Code Output Explanation
List [‘a’,’b’,’c’] This would print all the input values
List[0] A Like arrays, the index of the elements starts with 0
List[2]=’d’ [‘a’,’b’,’d’] It will update the list at index[2] by d with c
Del list[1] [‘a’, ’d’] It would delete the value at index [1]
Len(list) 2 It  returns the length of the tuple
List*2 [‘a’, ’d’]

[‘a’, ’d’]

It prints the output as the number of times the input was given
List[::-1] [‘d’,’a’] It would print the result in the reverse order.

Tuples :

Tuples were similar to list. But like list tuples cannot change the values. Beside, tuples are enclosed in parenthesis. whereas lists are enclosed in square brackets.

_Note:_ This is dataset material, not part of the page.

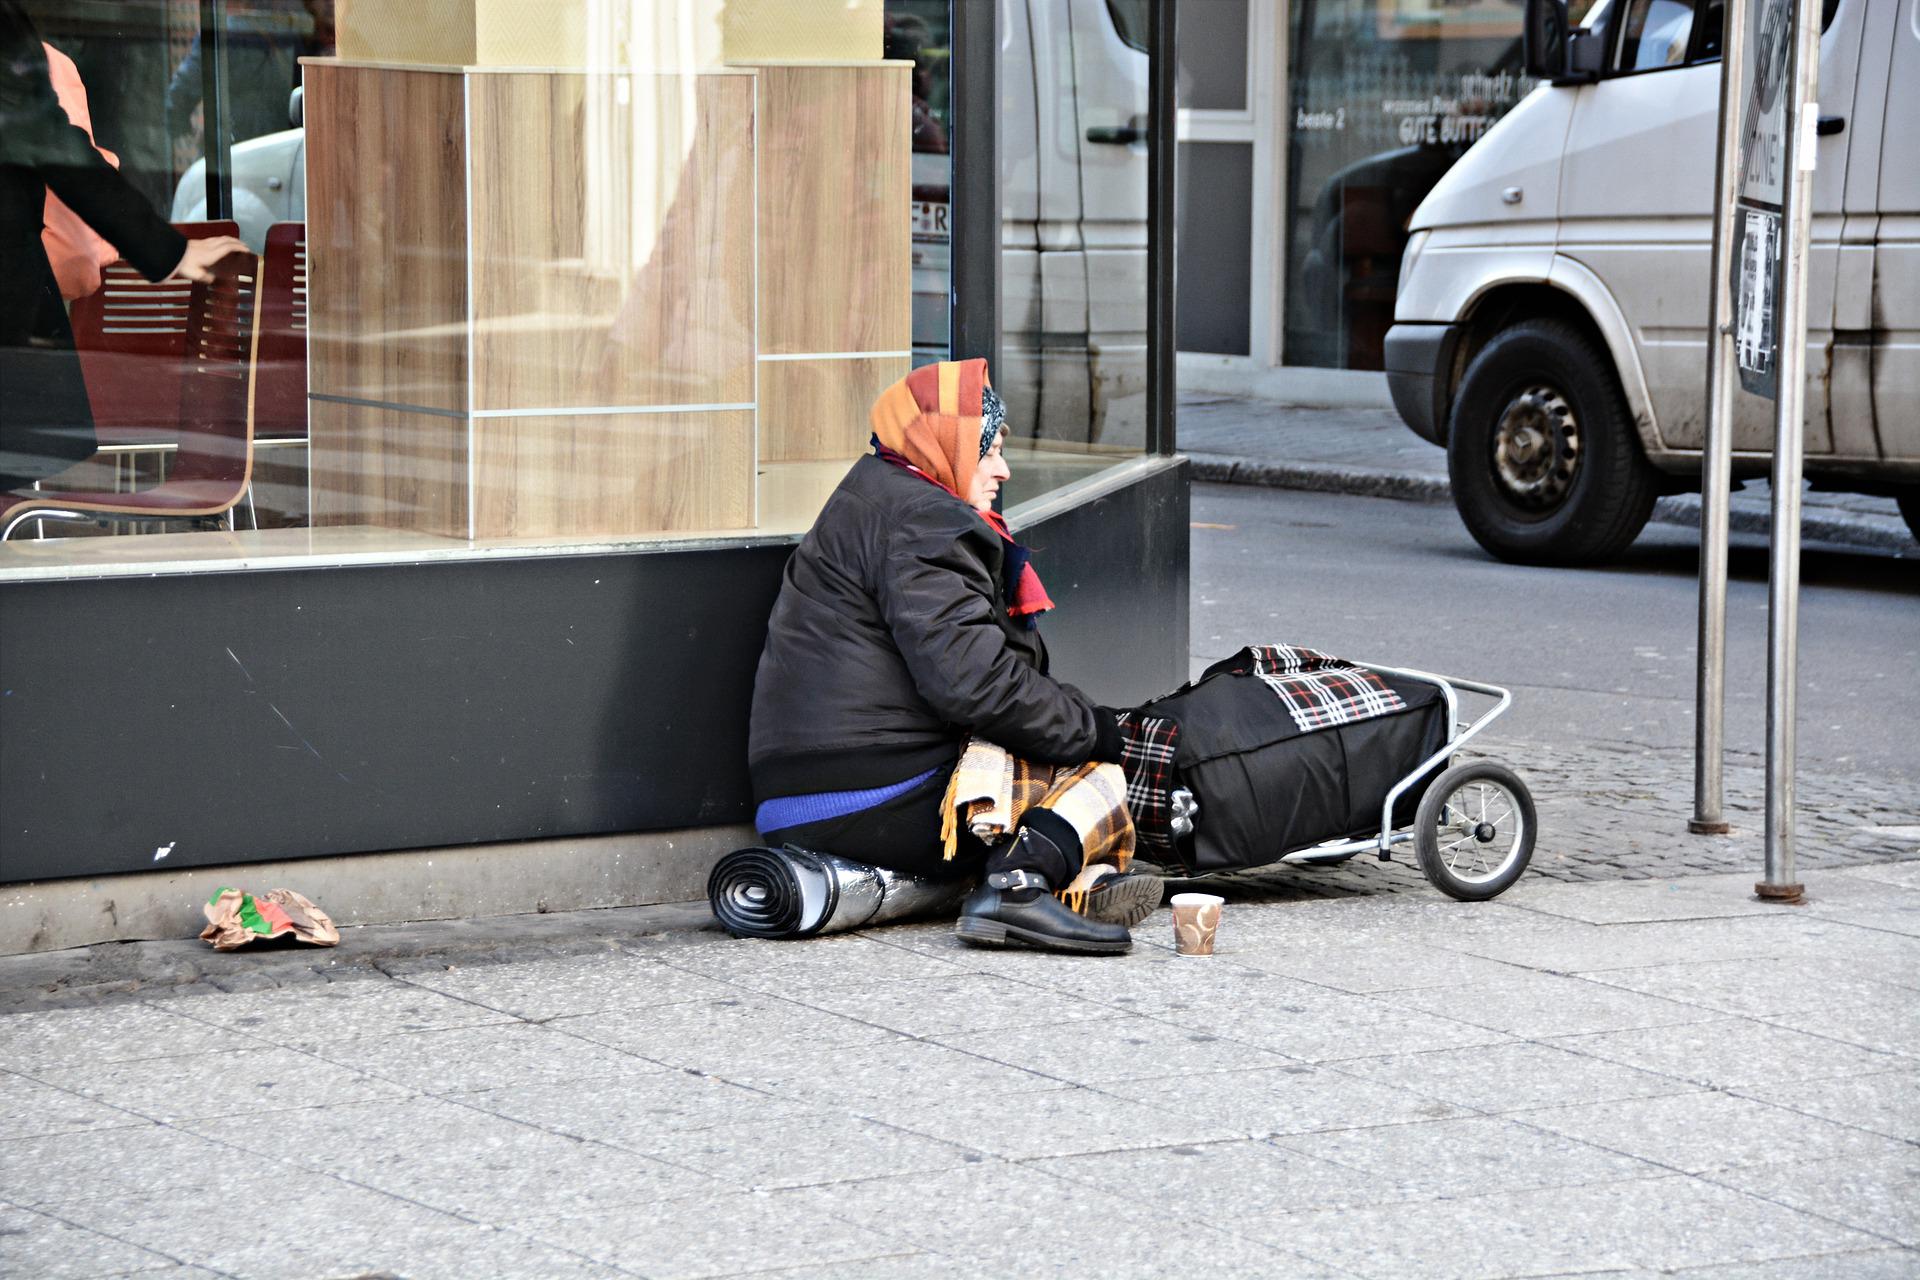 Dal Reddito di inclusione al RdC: una donna in povertà seduta all'angolo della strada.

And as said earlier, these tuples performs all the operations like lists. So I would like to leave the operation for you as a practice. And if you struck up anywhere clarify at python training.

Set :

A set is a well-defined collection of elements.  And the elements in the set are placed in curly braces separated by a comma. In the set every element is unique

Set 1 = {1 , 2,3}

Set 2  = { 1 , 2, 2 , 3}

In the above example the element 2 is taken twice. Now let us discuss the various set operation



It combines all the elements in the string. And the union operation performed using the pipe (|) operator tokens.

Ex : A = {1,2,3,4,5,6}

B={3,4,5,6 ,7,8}

A|B = {1,2,3,4,5,6,7,8}

Intersections :

Intersection of A and B returns the common elements in the sets . And the operation is performed using the & operator tokens.

Ex : A = {1,2,3,4,5,6}

B={3,4,5,6 ,7,8}

A &B = {3,4,5,6}

Difference :

Difference of (A-B) returns the elements that are only in A but not in B. Similarly B-A returns only the elements that are only in B but not in A tokens.

Ex : A = {1,2,3,4,5,6}

B={3,4,5,6 ,7,8}

A –B = {1,2}

B-A = {7,8}

Symmetric difference :

It returns the set of elements that are both in A and B Except the common elements tokens.

Ex : A = {1,2,3,4,5,6}

B={3,4,5,6 ,7,8}

A^B ={1,2,7,8}

Dictionaries :

Python dictionaries are the key value pairs that are enclosed in curly braces.dictionaries are separated by the “:”

Dict = {‘name’ : ‘Onlineitguru’, age : 20 }

And these elements accessed as Dict[‘name’]

Output: Onlineitguru

Appending the elements in Dictionaries :


Output :

‘name’=’onlineitguru’,’age’=20, address’=ameerpet.